8) p. 17 “However, the School [of Magistrates] continues to rely heavily on donors’ support and has limited capacity in terms of premises, academic staff, and qualified specialised trainers. […] The School of Magistrates has not managed to attract enough candidates, resulting in only 10 candidates passing the entry exam for the academic year 2018/19. […] The newly formed High Judicial Council and High Prosecutorial Council set the number of candidates to be admitted in the 2019/20 academic year at 75. The first 53 have already been selected”: If the current trends persist, in the coming 8 years that the vetting will take 400 magistrates will have to be replaced. This means 50 people need to graduate from the School of Magistrates each year as of last year. Instead, from 2018/19 only 10 passed the initial test, and for 2019/20 the test results were not included in the report (it is unclear wether 53 were only “selected” or also passed the entrance exam). Furthermore, these students do not have enough qualified teachers, no proper building, and not enough funding. This is a disaster in waiting, which will have far-reaching effects. The success of the Justice Reform depends on these graduates. Furthermore, hiring 50% of the new magistrates from a single generation may result in problems both in terms of aligning the judiciary with societal developments in the next 50 years because of skewed age distribution, and it will also result in enormous hiring problems 30–40 years from now, when this entire generation will retire.

9) p. 20 “it should be noted that eight out of nine Constitutional Court judges and 15 out of 18 High Court judges have been dismissed through the vetting or have resigned. This represents a significant number of cases involving high-level state officials”: This is an attempt to spin the result of the vetting as successes in the fight against corruption. The vetting is not a criminal but an administrative proceeding, and only one of those “high-level state officials” has actually been convicted for hiding his assets.

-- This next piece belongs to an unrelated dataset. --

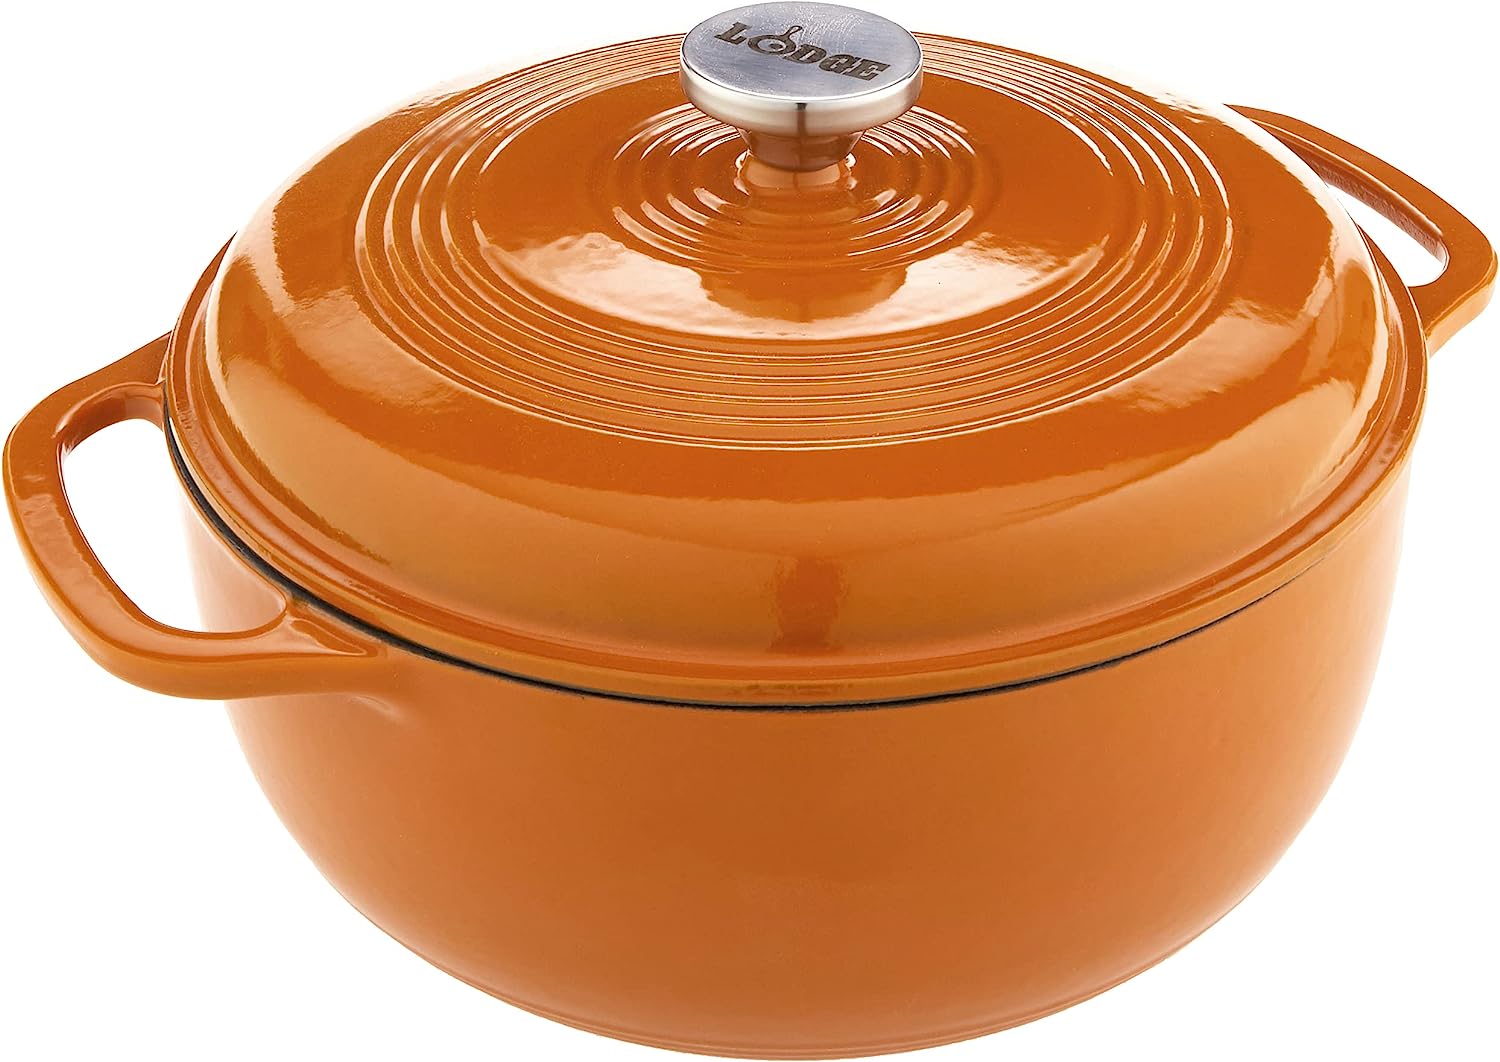 Lodge 6 Quart Enameled Cast Iron Dutch Oven with Lid – Dual Handles – Oven  Safe up to 500° F or on Stovetop - Use to Marinate, Cook, Bake, Refrigerate  and Serve – Apricot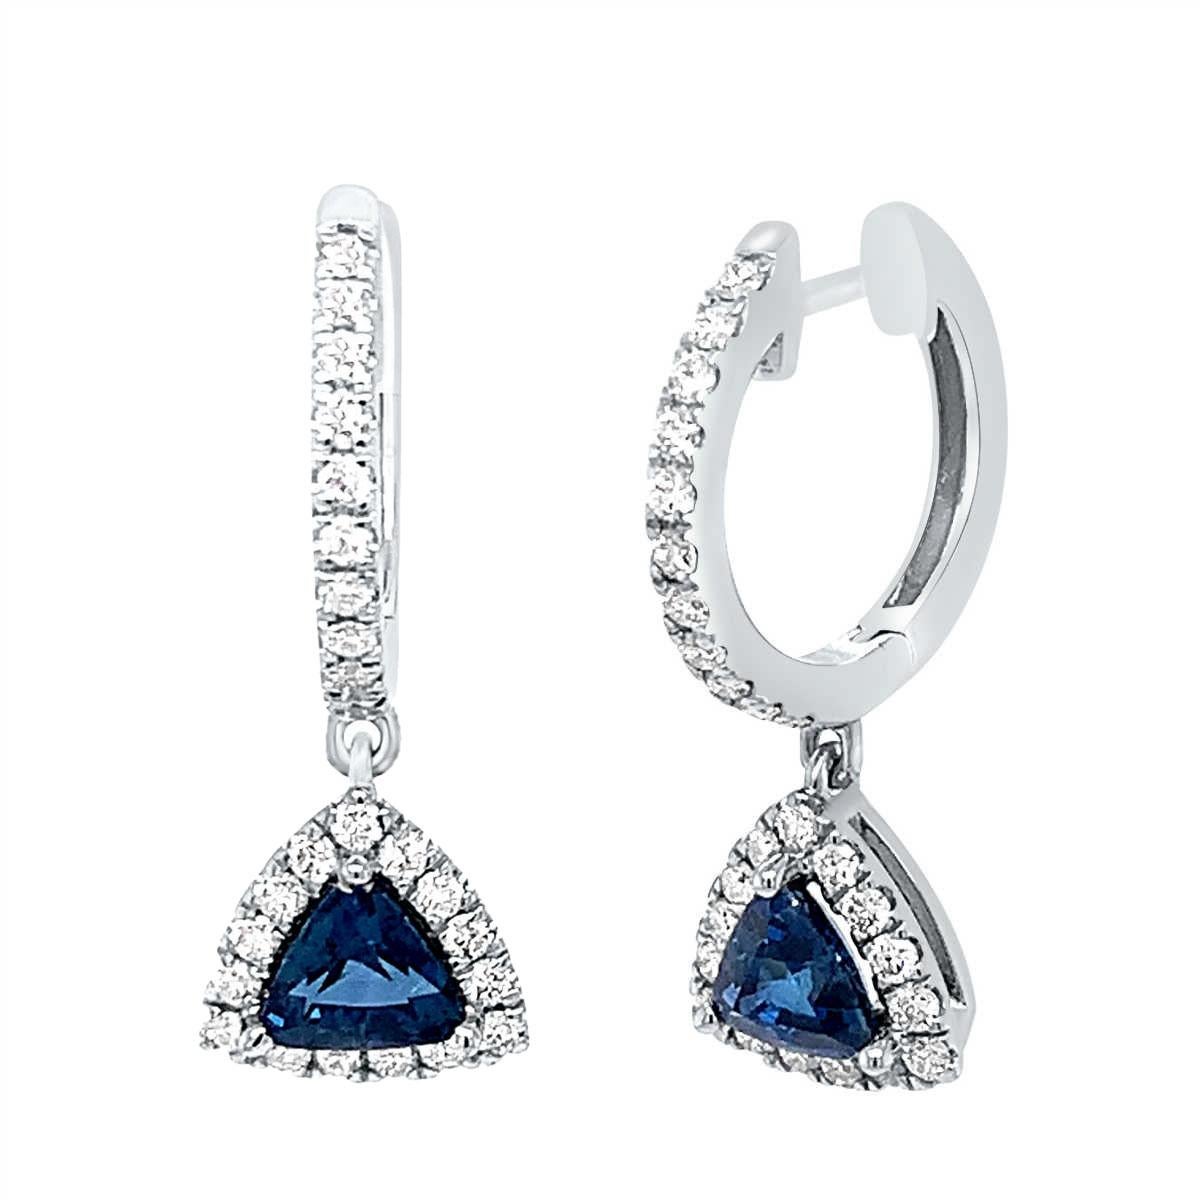 Trillion-shaped Natural sapphires with a total weight of 1.94 Carat ( almost 1 carat each) encircled by Natural brilliant round diamonds in a total weight of 0.77 Carat. These Sri Lankan sapphires are vibrant Royal blue in color with an excellent

It is therefore disingenuous of the European Commission to lump all the dismissed magistrates under the header “fight against corruption.”

Funny omission: the Progress Report fails to mention the only high-level court case against a former minister, in fact one of the few successes that could be actually reported: the case against former right hand of Prime Minister Edi Rama, Saimir Tahiri, for drug trafficking and corruption.